In other words, we’re getting close to a technology that can reproduce the structural complexity of something like a kidney, capillaries and all, in a matter of hours. Reflecting this, Prellis’ ultimate goal is being able to print the “entire vasculature of a human kidney in twelve hours or less.”
Whether this technology continues to develop at the current breakneck speed remains to be seen. I’m a little skeptical about how soon we’ll be able to print replacement body parts on demand, as biology is constantly blindsiding us with just how deeply complex it is. But, despite my skepticism, there’s no doubt that we are getting closer to being able to print replacement tissues, body parts, and even vital organs. And while we’re still a world away from the fantastical technology in Elysium, it’s shocking how fast we’re beginning to catch up. With advances in high-speed, high-resolution and multi-tissue bioprinting, it’s conceivable that, in a few years, it will be possible to 3-D-print a replacement kidney or liver, or jaw bone, or skin grafts, using a patient’s own cells as a starting point. And even if we can only get part of the way toward this, it would revolutionize how we’re able to treat diseased bodies and extend someone’s quality of life. With kidney disease alone, it’s estimated that over 2 million people worldwide depend on dialysis or kidney transplants to stay alive, and the number of people needing a new kidney could be as high as 20 million. The ability
to print replacement organs for these people could transform their lives. But why stop there? New livers, new bones, new hearts, new limbs; once we crack being able to print replacement body parts on demand that are fully biocompatible, fully viable, and act and feel just like their naturally grown counterparts, our world will change.

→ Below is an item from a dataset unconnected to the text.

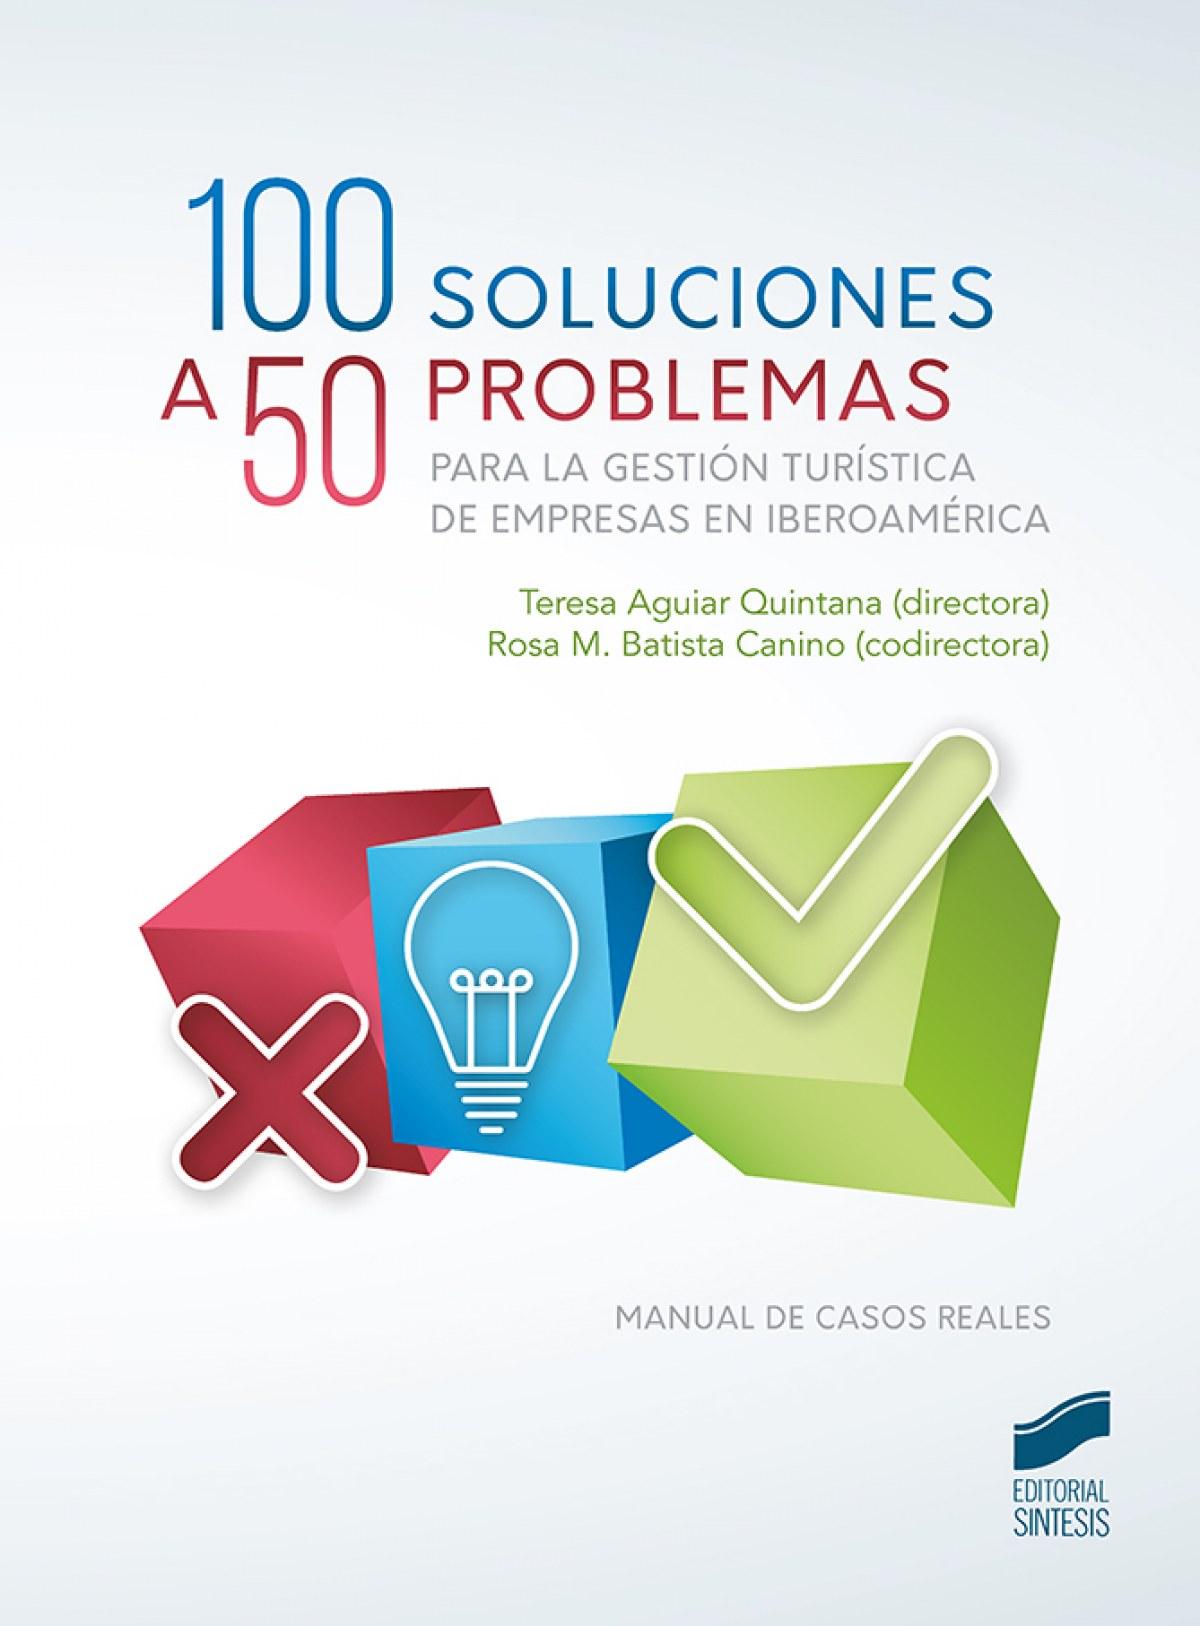 100 SOLUCIONES A 50 PROBLEMAS PARA LA GESTIÓN TURÍSTICA DE EMPRESAS EN IBEROAMÈRICA

This is quite amazing stuff. In a world where there remains a desperate need for new technologies to counter the ravages of disease and injury, it’s a technology that promises to make millions of lives better. And yet, as Elysium reminds us, just because we can cure the sick, that doesn’t mean that everyone will benefit. As bioprinting-based medical treatments become available, who will benefit from them, and what are the chances of this leading to a two-tiered society where the rich get to live longer, healthier lives and the poor get to sit on the sidelines and watch? This is a scenario that already plays out daily with less sophisticated medical technologies. But if bioprinting turns out to be as revolutionary as it promises, it could drive a much bigger social wedge between people who are rich enough and powerful enough to constantly be upgrading their bodies with 3-D-printed parts and those who are destined to be left struggling in their wake.
This is the scenario that plays out in Elysium, as the inhabitants of the orbital enjoy access to medical facilities that those left on Earth can only dream of. But it’s only one of a number of ways in which powerful technologies lead to social disparity in the movie. Another, and one that is near and dear to my professional heart, as it’s an area I focused on for many years, is just how risky workplaces can become when their owners put profits before people, regardless of how sophisticated the technology they are producing is.